Like a pack of drunken shadows, I waited twenty years to write this for you. I don't recall the day you first kissed me or the date I fell in love with you, but April 11th is when I first remember you in full image. Sitting in a room with a row of windows, I saw you leave the building and walk to the car. Your face silhouetted to the right, you wore a white shirt with vertical blue lines and a pair of dark pants. I looked at the clock; it was 11:45 a.m. I needed to keep that memory intact. I missed you, the smell of your cologne, the texture of your hair, and the sound of the echo of your voice. I leaned over to take in the hurried movement of your body as you sat with your back molded into the car seat. I felt like a banned book, or a song roaring out of a stereo in your life. What I knew was that my heart couldn't escape the anxiety of not being with you. When I could press my face against yours, I would lose my fear of falling. You were to me the sincerest essence of love. There was no magic formula or difference in faith that could keep my heart away from you. Even today as I write these lines I know to me loving you was my true reality.

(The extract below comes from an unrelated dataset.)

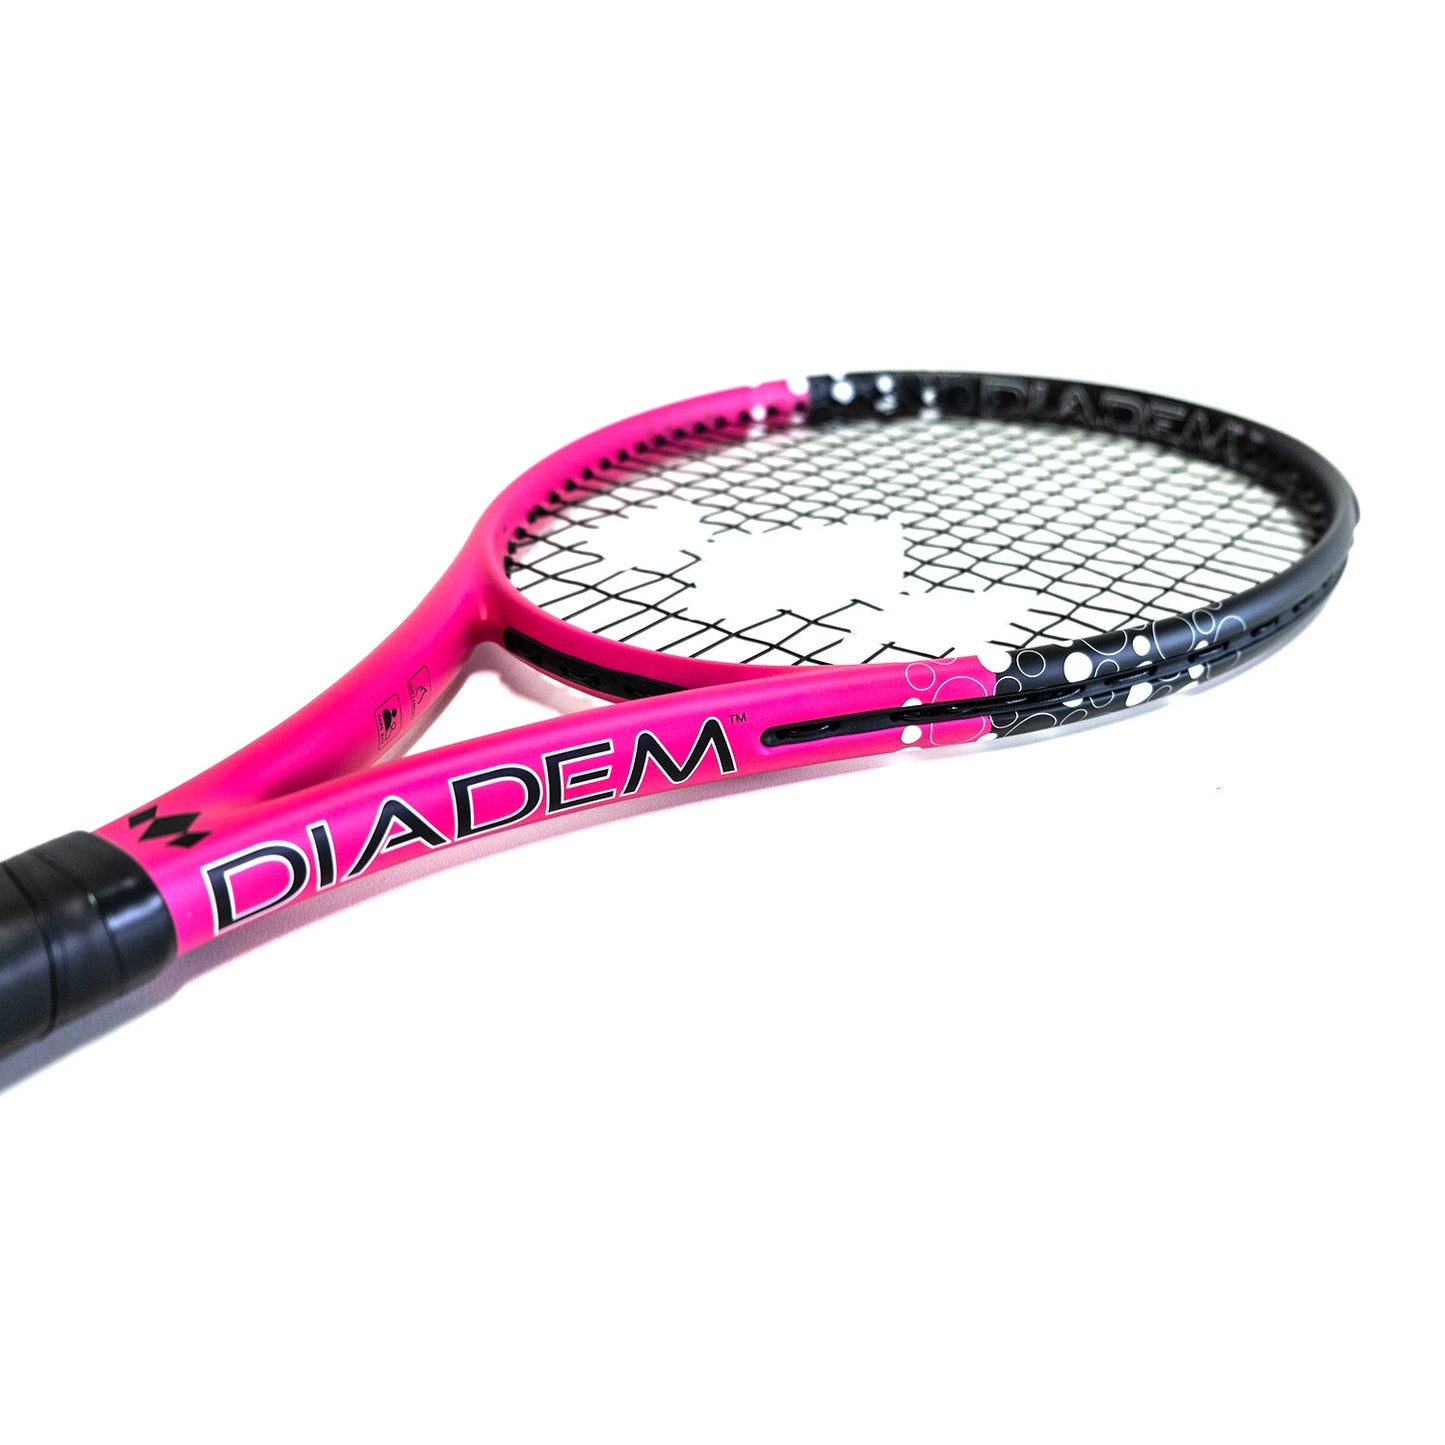 Diadem Super 25 Pink Junior Racket by Diadem Sports

I write and erase, write and erase. Maybe dizzy is not the right word, maybe a whirling sensation is closer to what it is I feel these days. I am going through overwhelming emotions, emotions that in the midst of the night have made breathing hard and my chest pound. I don't know how other people deal with losing their first love, but to me being away from you felt as if my arms were cut off my body.

You know, I wanted to be the one who reads other people's stories. It is not something I wanted to happen to me, to be the one who loved intensely and lost. But I forgive you not because you write me to seek forgiveness. I forgive you because before you, I didn't know how to love.